L’histoire
Personnage : Le p’tit, dit Maria, 36 ans
5 mai 1987. La veille, à 17 heures, le corps d’une célèbre chanteuse, Dalida, a été découvert
par sa dame de compagnie. Dans la solitude, elle s’est suicidée avec discrétion. Dans l’ombre,
quelqu’un a assisté à cette mort, sans pouvoir rien faire : c’est le P’tit.
Ce soir-là, le p’tit, trouve la force, de s’adresser à celle dont il a observé quotidiennement les
faits et gestes. Enfin seul, il laisse entendre son récit halluciné, entre fiction et réalité :
Venu de nulle part, une bourgade de la province, le P’tit est arrivé dans la capitale avec pour
tout bagage l’espoir infini que la vie, sa vie, commencerait ici. Il a dix-huit ans, n’attend rien,
ni du monde, ni des autres. Il marche, erre sans but, jusqu’à s’arrêter au pied du Sacré-Cœur.
Saisi par la vision qui s’offre à lui, il y demande l’asile pour la nuit. On le lui refuse. Il erre
encore et se retrouve Rue d’Orchampt, devant une belle maison bourgeoise.
Par un coup du sort comme il n’en arrive qu’une fois, son regard s’arrête sur la silhouette
d’une femme aux longs cheveux blonds. On décharge sa voiture. Elle revient de voyage. Il ne
sait qui elle est. Elle ne lui adressera pas la parole. Ebloui et sonné par cette rencontre
inattendue dont il ne mesure pas encore l’impact, le P’tit s’assoit sur un banc.
Là, un homme l’aborde. C’est Pepe, l’argentin. Il lui apprend qui est l’inconnue qui l’a tant
bouleversé : une vedette de la chanson, la célèbre Dalida. Troublé par cet homme qui
d’emblée exerce sur lui une fascination mêlée de peur, le P’tit le suit jusque chez lui.
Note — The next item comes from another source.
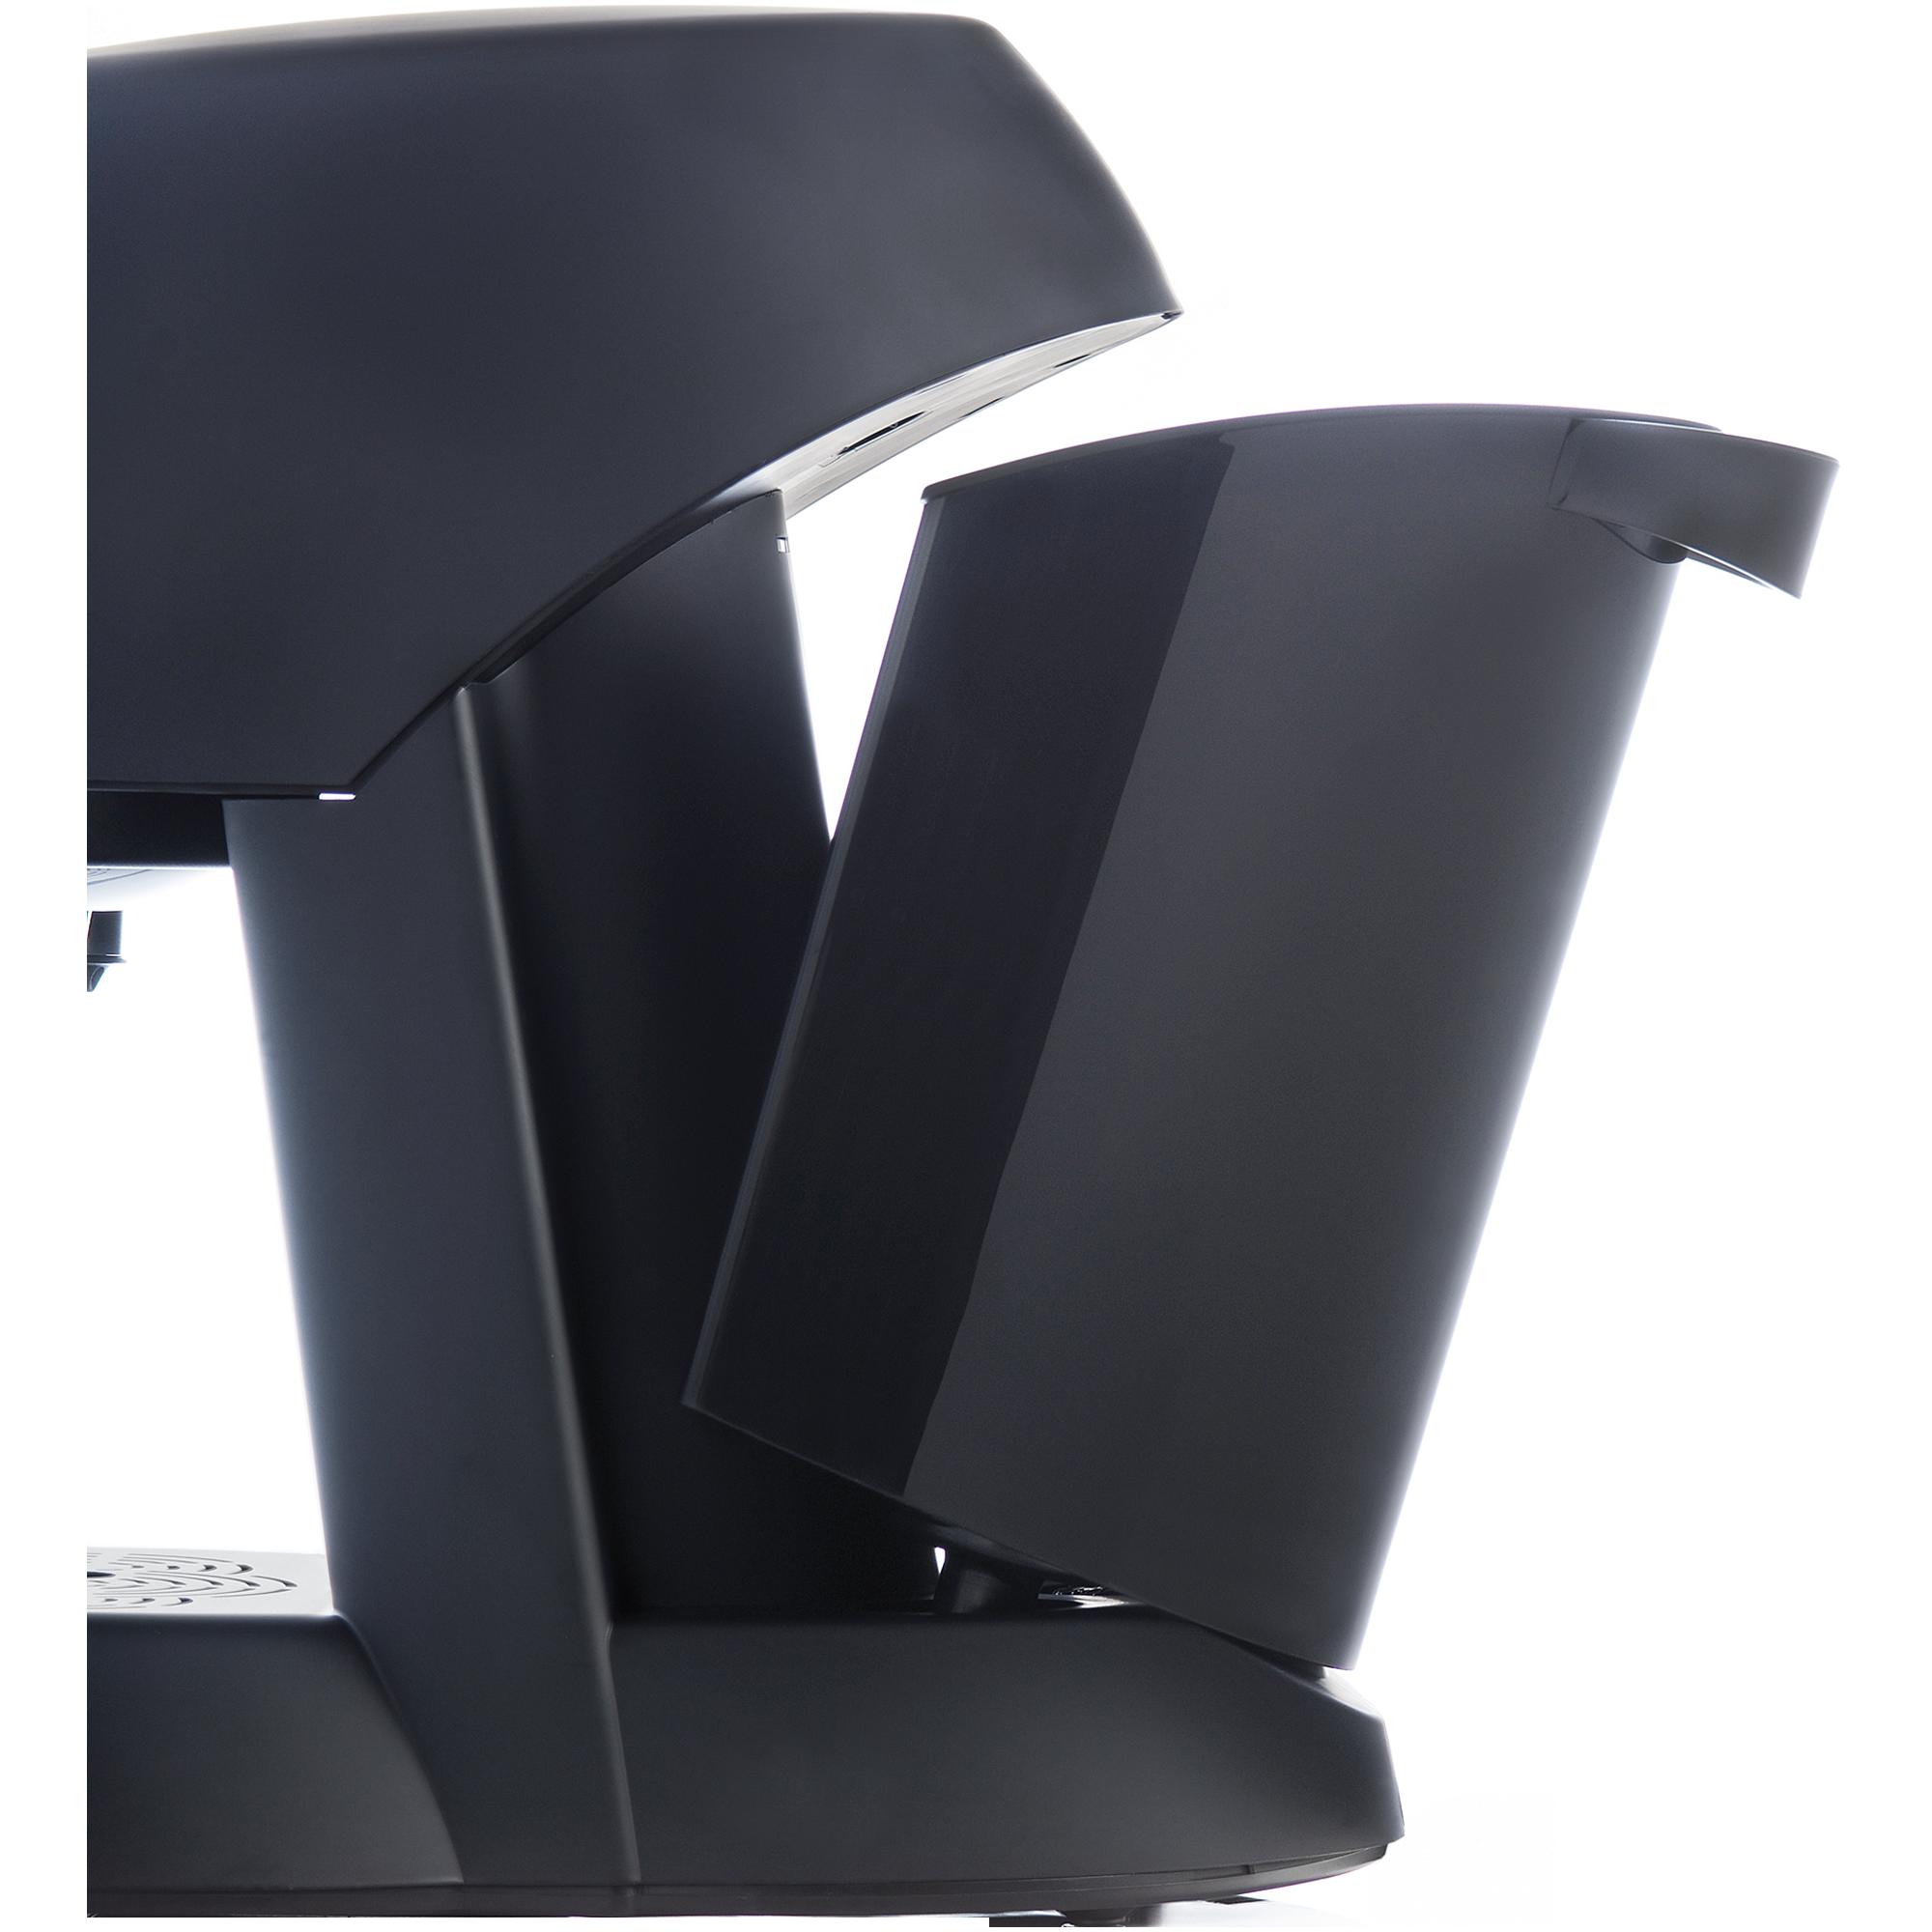 petra electric km kaffeepadmaschine artenso latte ebay. Black Bedroom Furniture Sets. Home Design Ideas

Il habite
l’immeuble attenant à la propriété de la diva. L’une de ses fenêtres donne sur son jardin. Sans
bien mesurer ce qui l’attend, le p’tit s’abandonne aux caresses de Pepe.
Puis, au petit jour, le rêve se dilue : les coups succèdent aux baisers ; si le P’tit veut rester chez
lui, il va devoir travailler et vendre son corps. Et désormais, il s’appellera Maria. Le P’tit n’a
pas d’endroit où aller, pas de destin en perspective, il accepte. Commence alors une longue
descente aux enfers dont on saura peu de chose sinon qu’elle ancrera dans le cœur du P’tit
devenu Maria la certitude amère que pour certains la vie est plus juste que pour d’autres.
Heureusement, dans sa vie, il y a la chanteuse ; pendant dix-huit années, Maria, travesti,
s’abîme dans cette image qu’il entr’aperçoit de sa fenêtre, mais surtout, qu’il dévore à la
télévision, dans les journaux... Pendant dix-huit années, Maria joue et se joue la comédie
devant sa glace en rêvant à une autre vie, celle de la femme d’en face.
En attendant, il danse ses nuits d’abandon sous le corps des hommes.